Болек Драбик, молодожен и будущий отец — живот у Марыси рос, как на дрожжах — в споры не вступал, но в мыслях все распланировал. На нарах высказался вслух:
— Ты только подумай, Марыся. Говорят, в этих новых бараках будут отдельные комнаты! Вот бы нам получить такую. Представляешь, как было бы здорово?
— Ой, Болек, Болек! Еще как представляю. Я ведь со дня на день рожать буду. Бабушка Шайна говорили…
Утром Драбик, ни с кем не советуясь, записался в бригаду, которая должна была строить в Калючем новые бараки. А в ближайшее воскресенье на корчевку подлеска объявилось столько желающих, что на складе не осталось ни одного кайла и лопаты. Жители Червонного Яра пришли все. Переубедили даже упрямого Мантерыса. Истосковались мужики по земле! Чем ближе к весне, тем чаще снилась им пахота, сев зерна, запах подольского чернозема. Ничего удивительного, что как только подвернулась оказия хоть на клочке земли повозиться, они отбросили все сомнения и занялись обработкой земли.
— Земля как земля! Жирная, корневой перегной, должно, урожайная!
— Вот у нас была земля, так земля! В марте уже зеленело, росло все — любо-дорого! А мы тут в июне только тайгу корчевать взялись!
— Земля она и есть земля, везде одинаково пахнет. Но такой, как у нас, на Подолье, наверное, не найдешь нигде.
Не было с ними Яна Долины. Он ставил крест на могиле жены. Раньше не получилось, он сам не устоял перед болезнью. Тиф подстерег Долину вскоре после смерти жены. Успел только вместе с соседями выкопать могилу, сколотить гроб, отнести на кладбище и похоронить. А крест поставить не успел. Сил не хватило. Еле дотащился до барака, рухнул на нары и потерял сознание. Когда через пару недель выкарабкался из болезни, выглядел, как собственная смерть, любое дуновение ветра валило его с ног. Одного не мог он понять — как смогли пережить все это его дети.
Крест Долина вытесал прямо на кладбище. Сначала выбрал дерево. Подумал, что лучше всего подойдет лиственница, самая стойкая. Такой крест простоит дольше других и долгие годы будет рассказывать людям, кто в этой могиле покоится.
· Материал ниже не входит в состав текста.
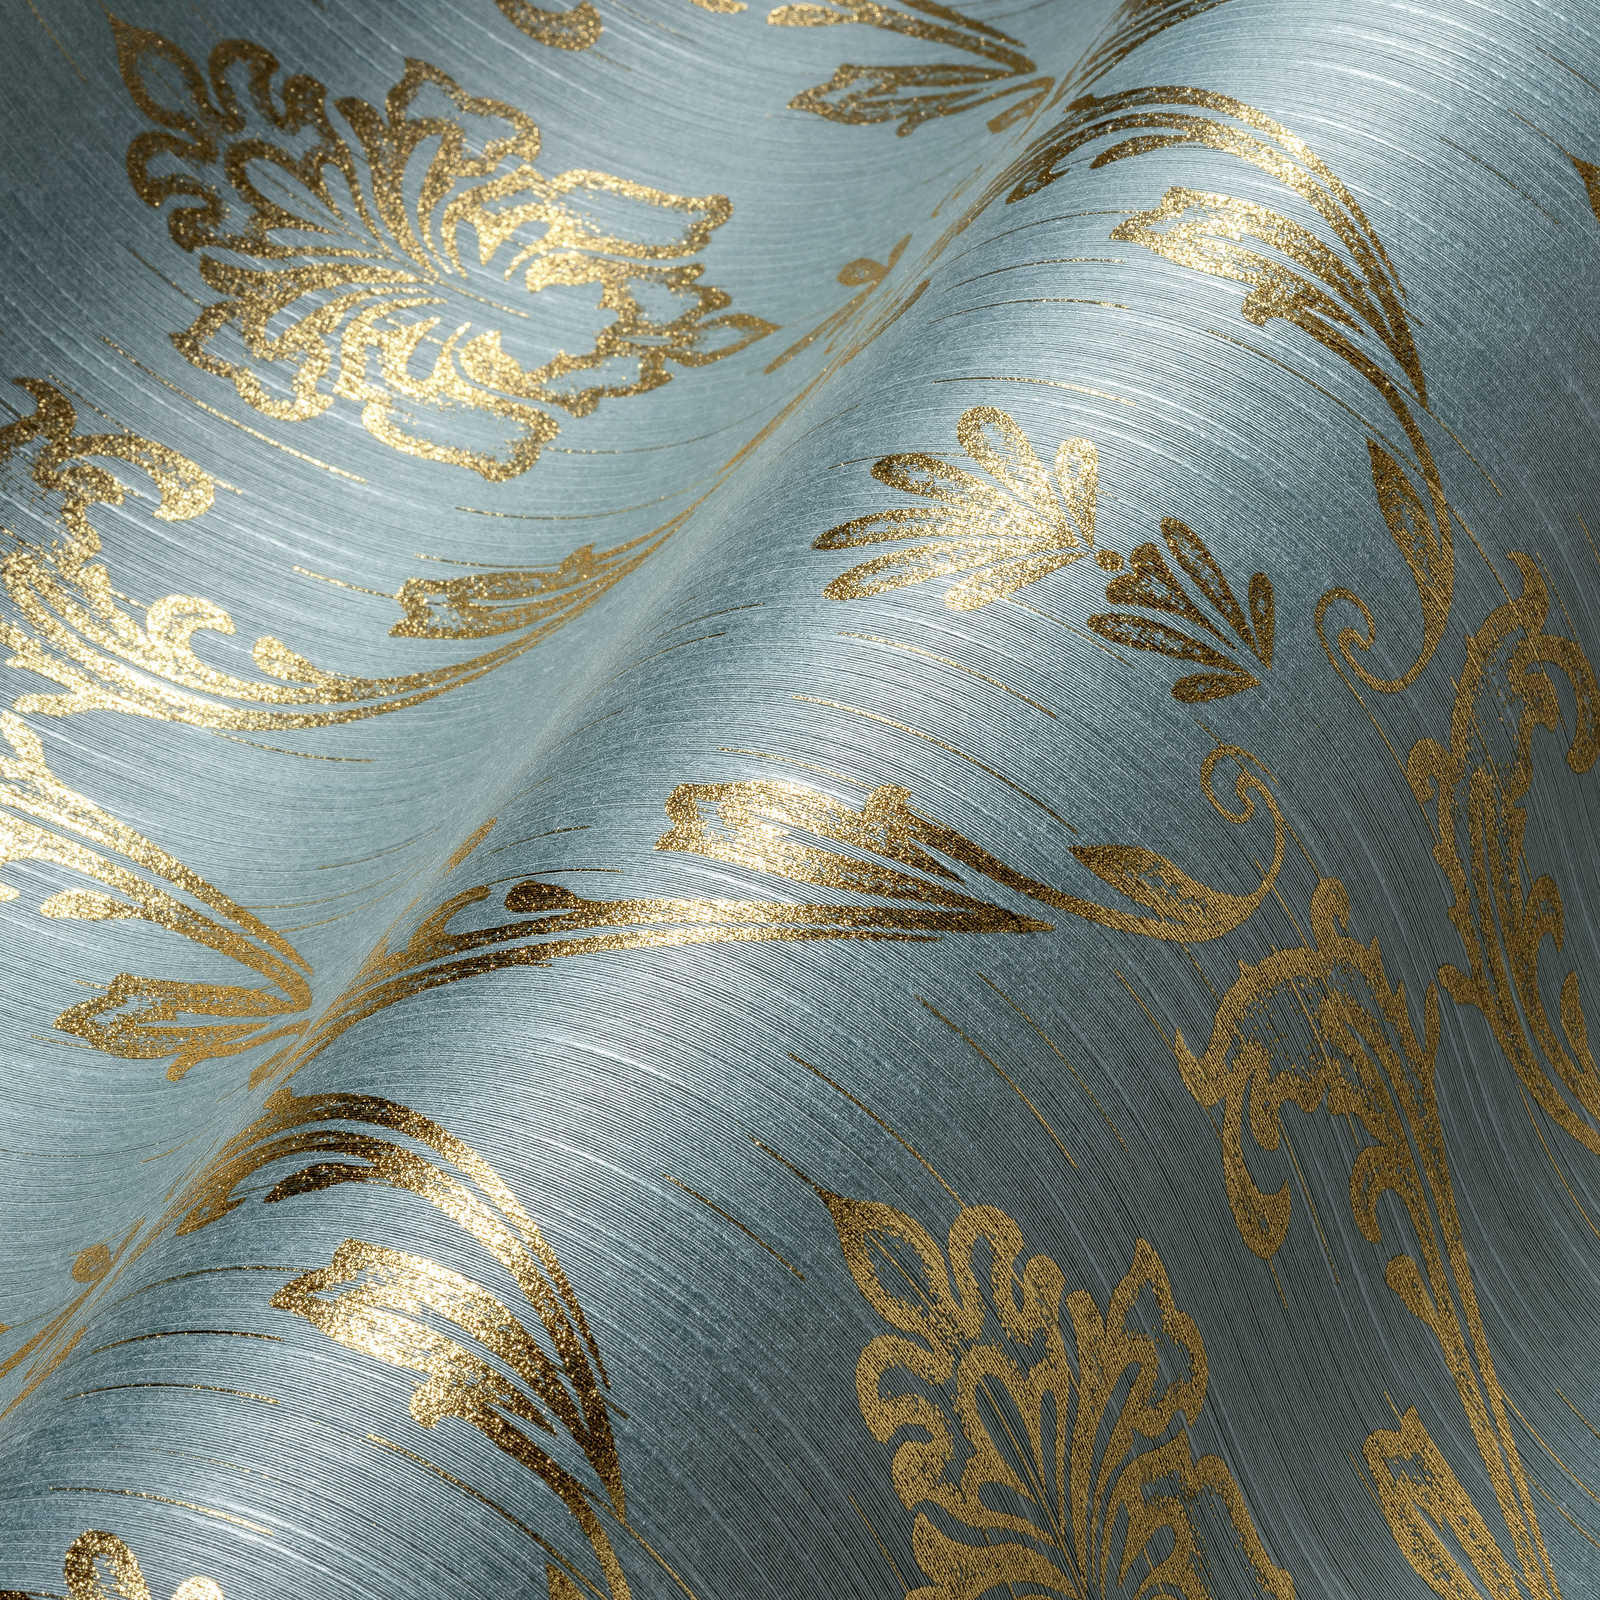             Ornamenttapete mit floralen Elementen in Gold – Gold, Blau, Grün

Вместе со Сташеком они спилили стройную лиственницу. С трудом притащили ее на кладбище. Обтесали кору. Вставили в паз поперечину. До блеска выскоблили березовую дощечку. Развели костер, и раскаленным добела гвоздем Долина выжег на ней:
Светлой памяти. АНТОНИНА ДОЛИНА
1904–1940
Просит помолиться за упокой.
Крест был готов. Они долго, с усилием копали мерзлую твердую землю. Крест был высокий, из сырой лиственницы, тяжелый. По-всякому пробовали они поставить его, но ничего не получалось.
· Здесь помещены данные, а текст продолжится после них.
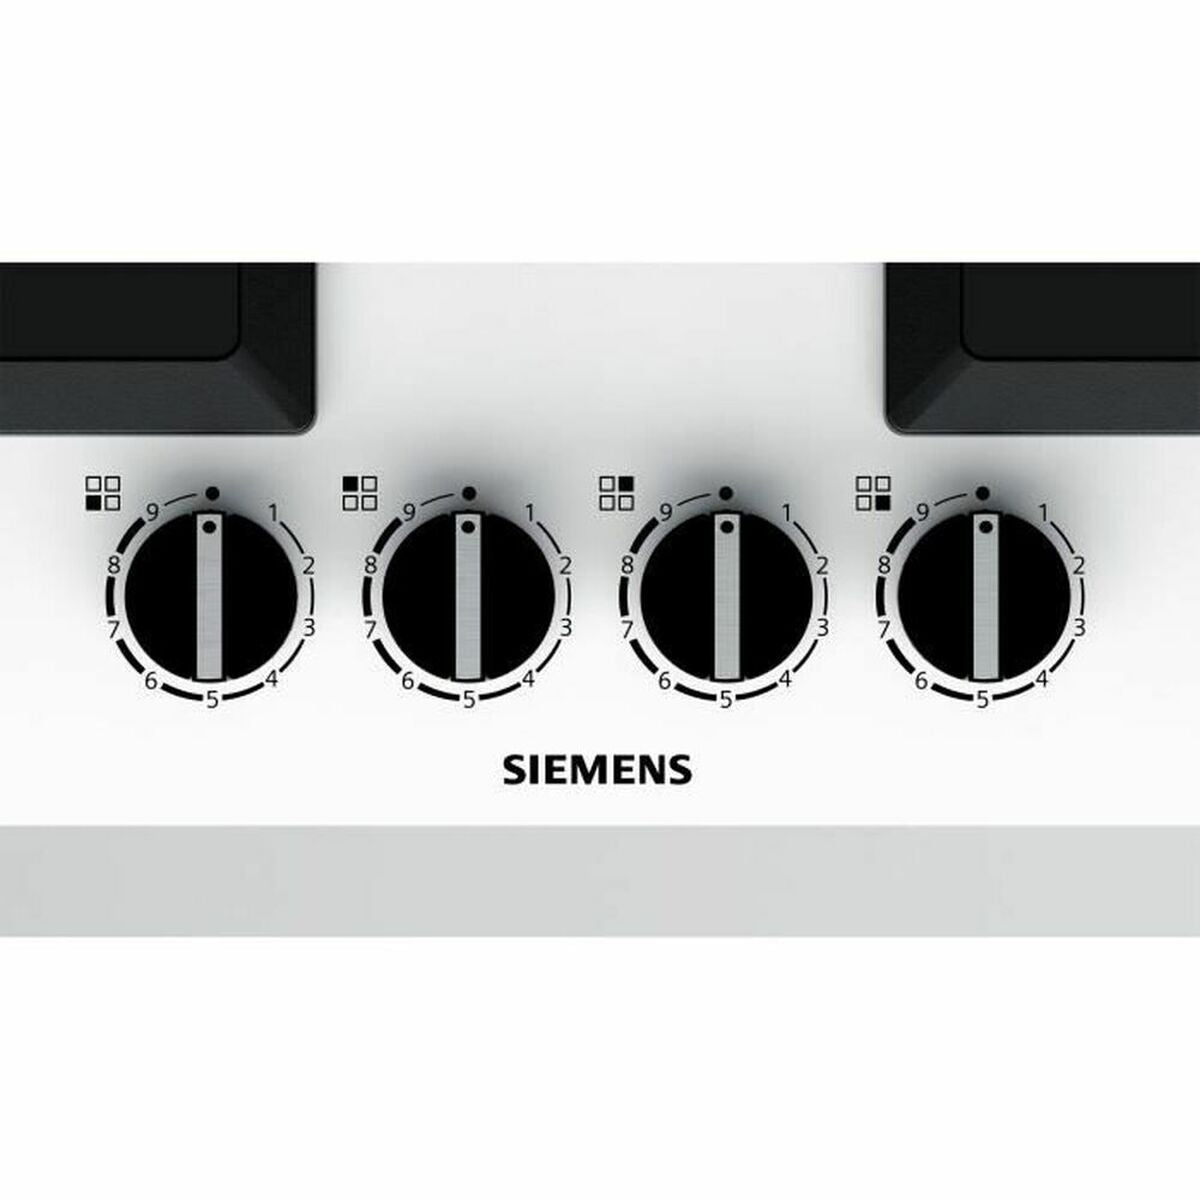 Gāzes plīts virsma Siemens AG EP6A2PB20 59 x 52 cm 1000 W 7500 W

— Ну, что же, Сташек, самим не справиться. Попросим кого-нибудь из барака, чтобы нам помог. Вернемся вечером.
Тадек, который все время вертелся у них под ногами, неожиданно с ужасом закричал:
— Ой! Идет!.. — и показал рукой в сторону тайги.
Оттуда, с поросшего лесом песчаного пригорка, спускался человек. Шел в их сторону. Высокий мужчина, несмотря на теплый день, был в шапке-ушанке, в широкой брезентовой куртке, подпоясанной ремешком, за которым по здешним обычаям торчал топор. На ногах лыковые лапти, за спиной — охотничья сумка и ружье. Характерное лицо заросло седой бородой, из-под шапки торчали длинные волосы. Тоже седые. Светлые глаза пронзительно вглядывались в поляков.
—
— Не справляемся. Крест тяжелый.
— Крест легким не бывает…
Вдвоем с отцом они без труда установили крест. Старик удерживал его вертикально, Долина подгребал и утаптывал землю.
—
— Мама? — Долина в ответ кивнул.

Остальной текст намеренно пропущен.